----- COLLECTED DATA
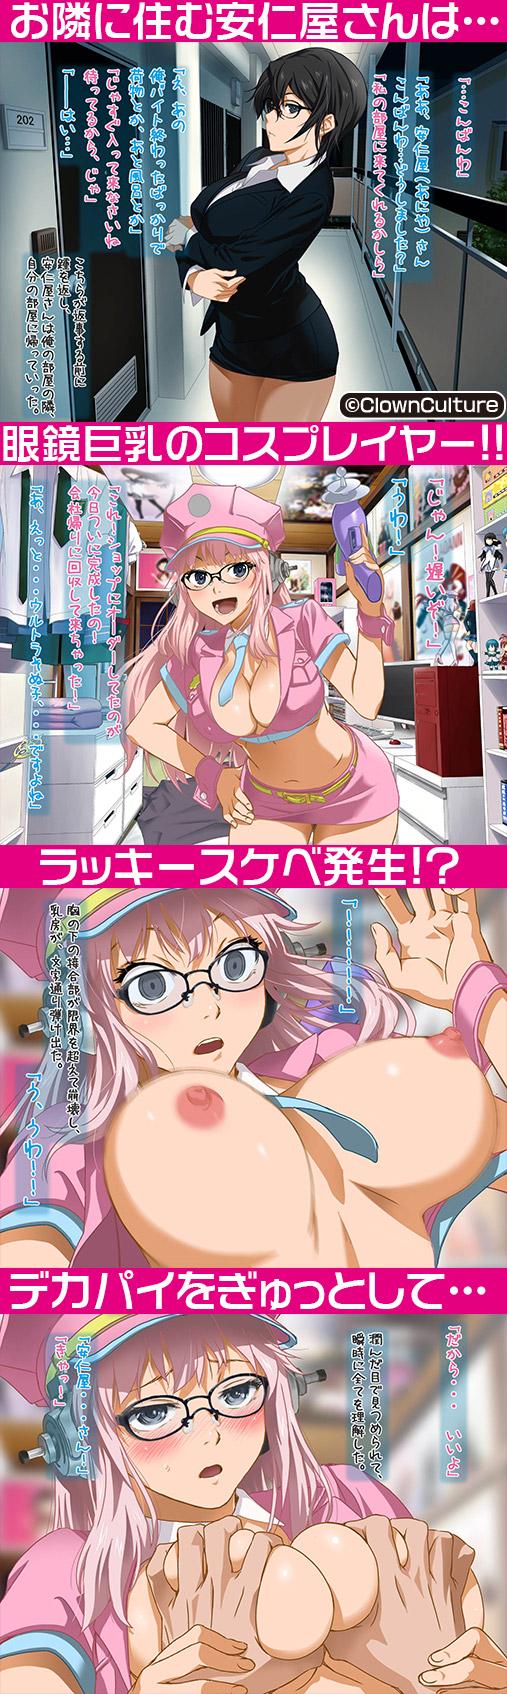 お隣に住む安仁屋さんは眼鏡巨乳のコスプレイヤー!
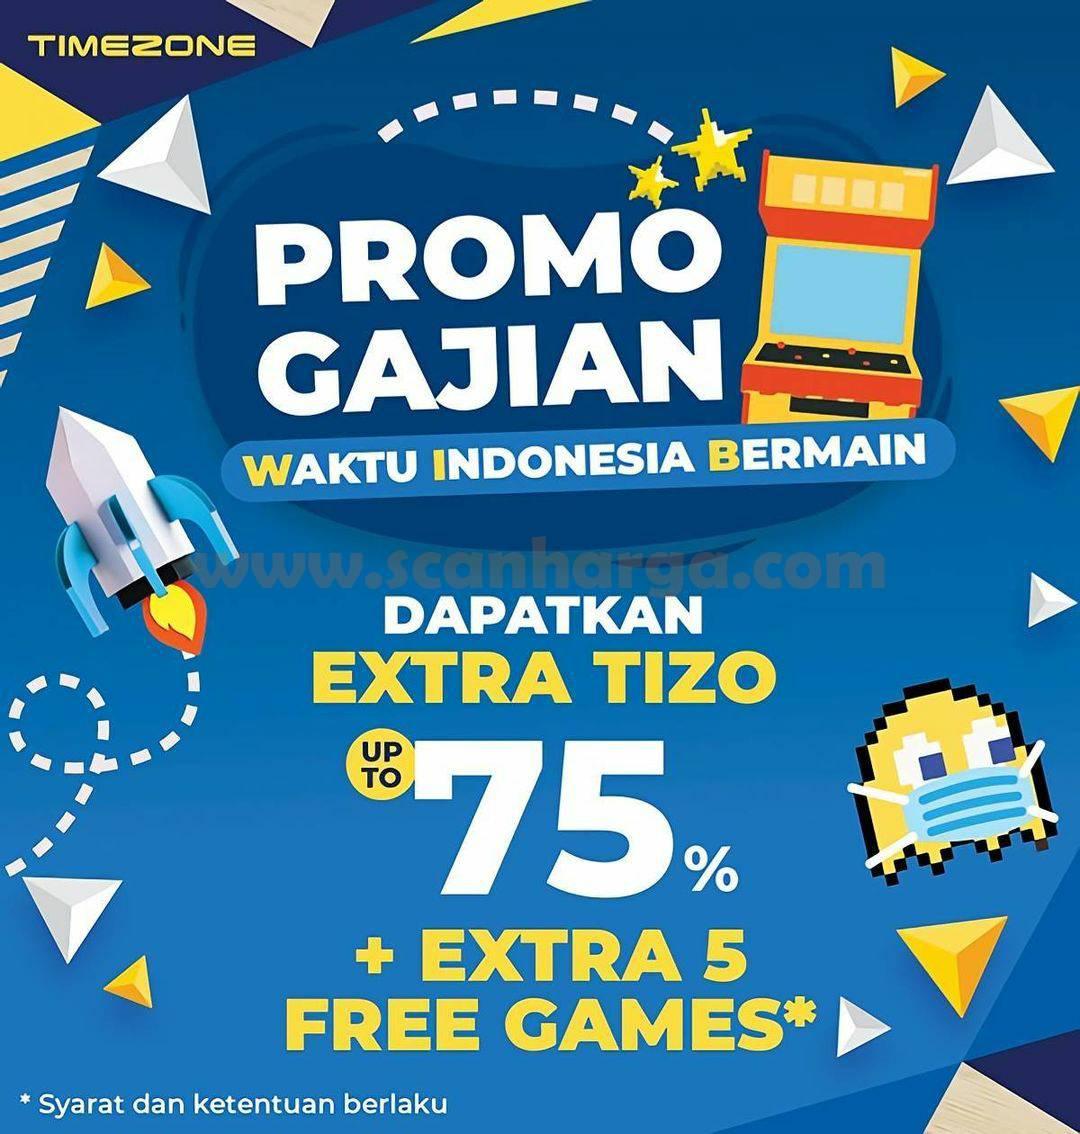 Promo Timezone GAJIAN Periode 25 - 31 Agustus 2021
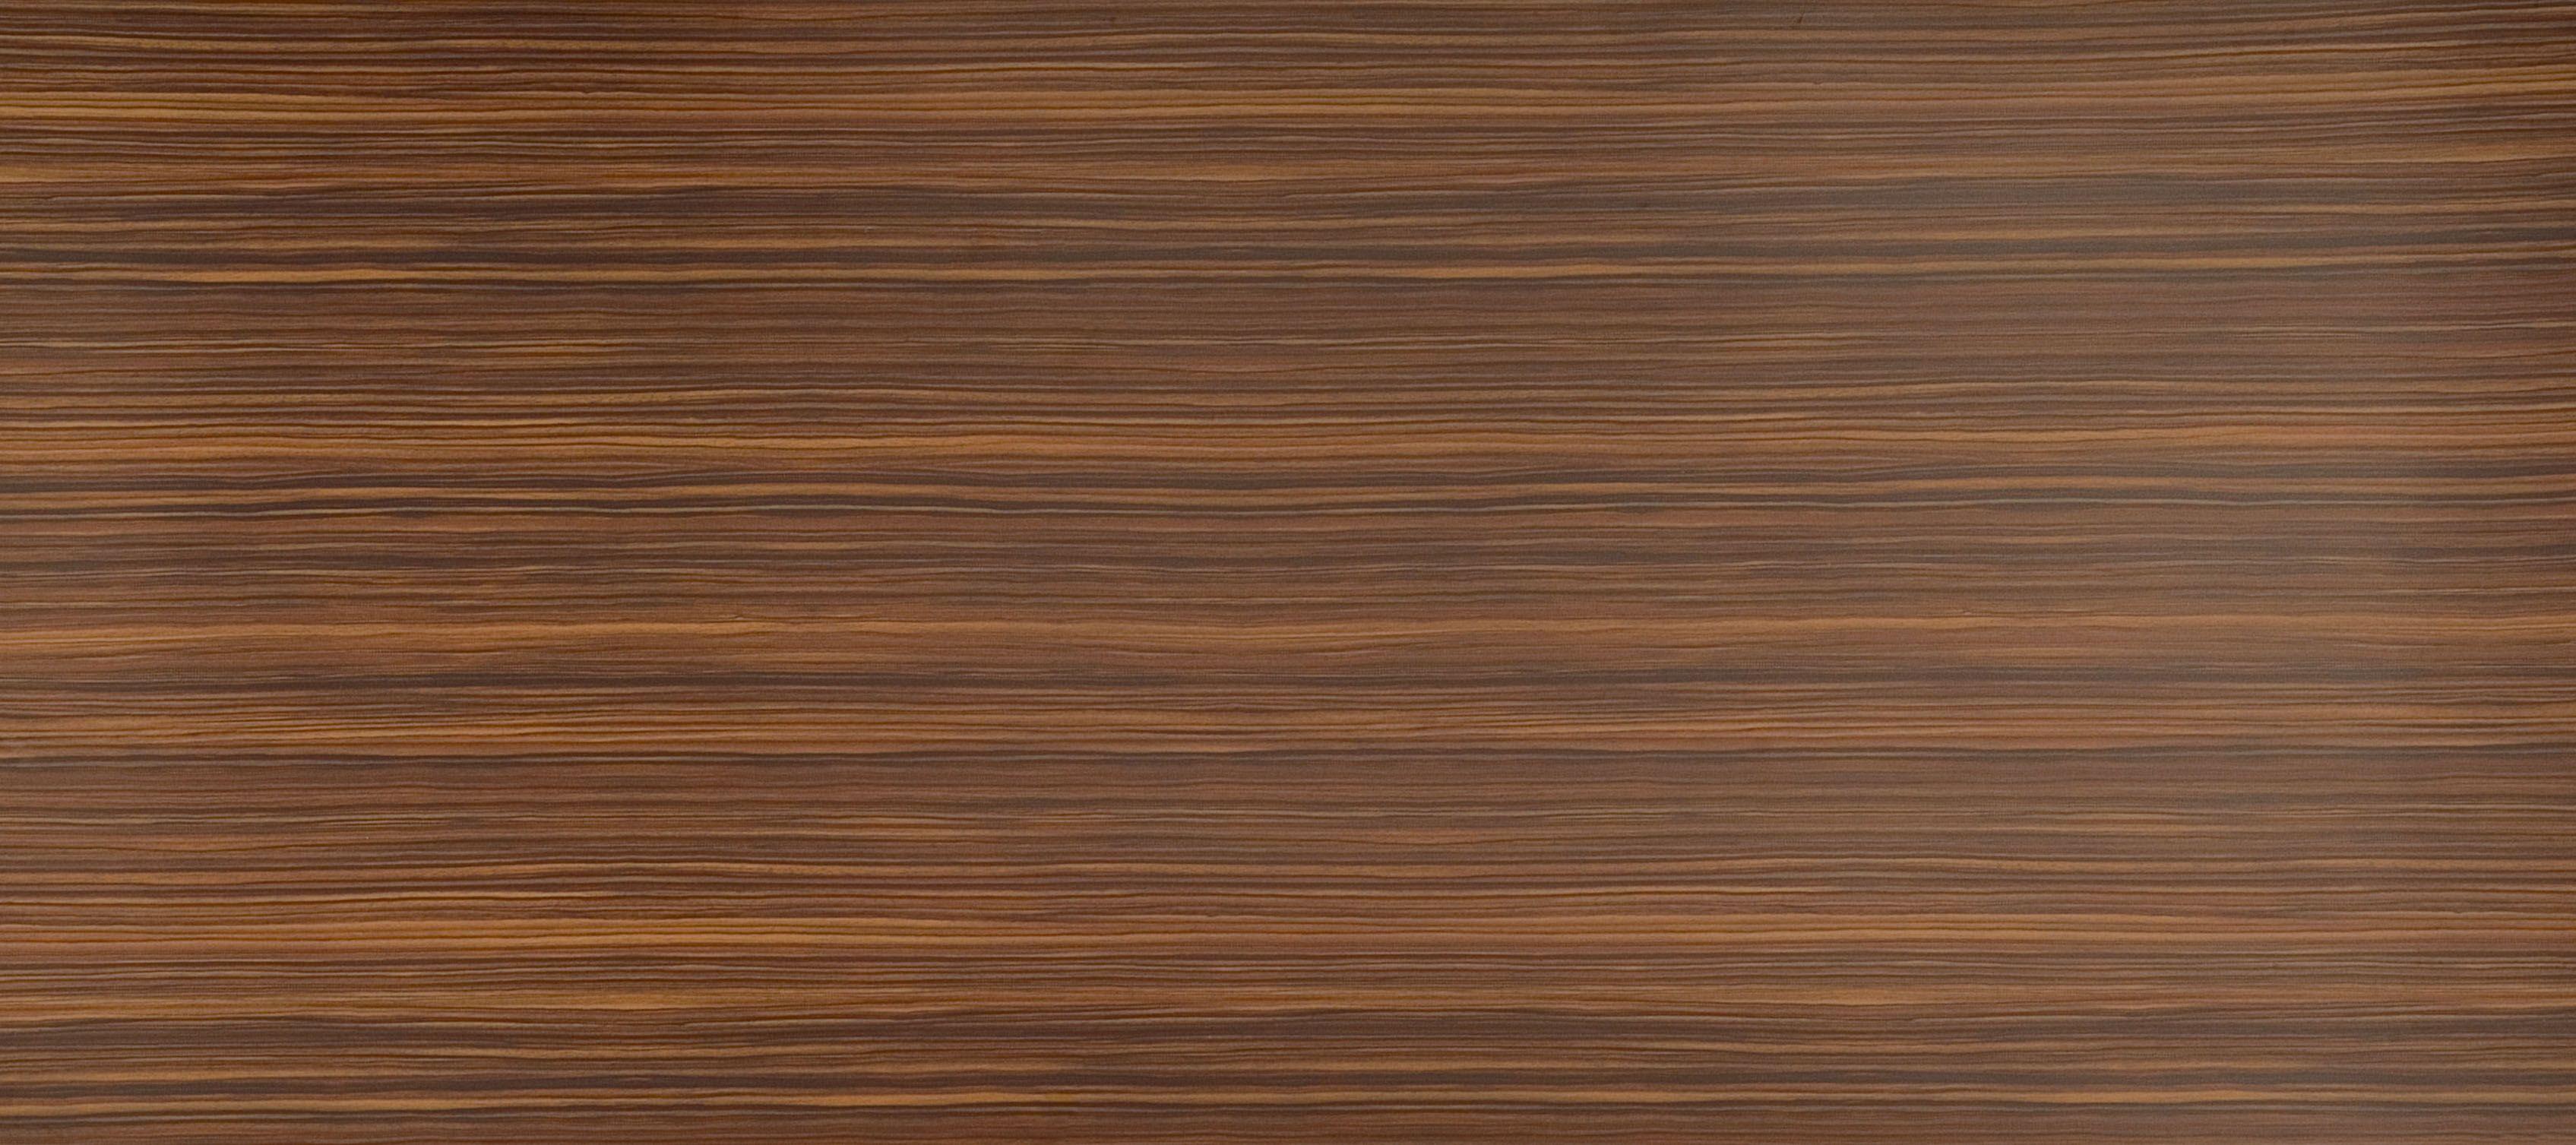 Polished wood texture moodles dishwasher2 pinterest
----------
§ **THE TASK**: The material must be restated verbatim. Its pictures must be omitted.

§ **RESPONSE AREA**:
 お隣に住む安仁屋さんは眼鏡巨乳のコスプレイヤー!
 Promo Timezone GAJIAN Periode 25 - 31 Agustus 2021
 Polished wood texture moodles dishwasher2 pinterest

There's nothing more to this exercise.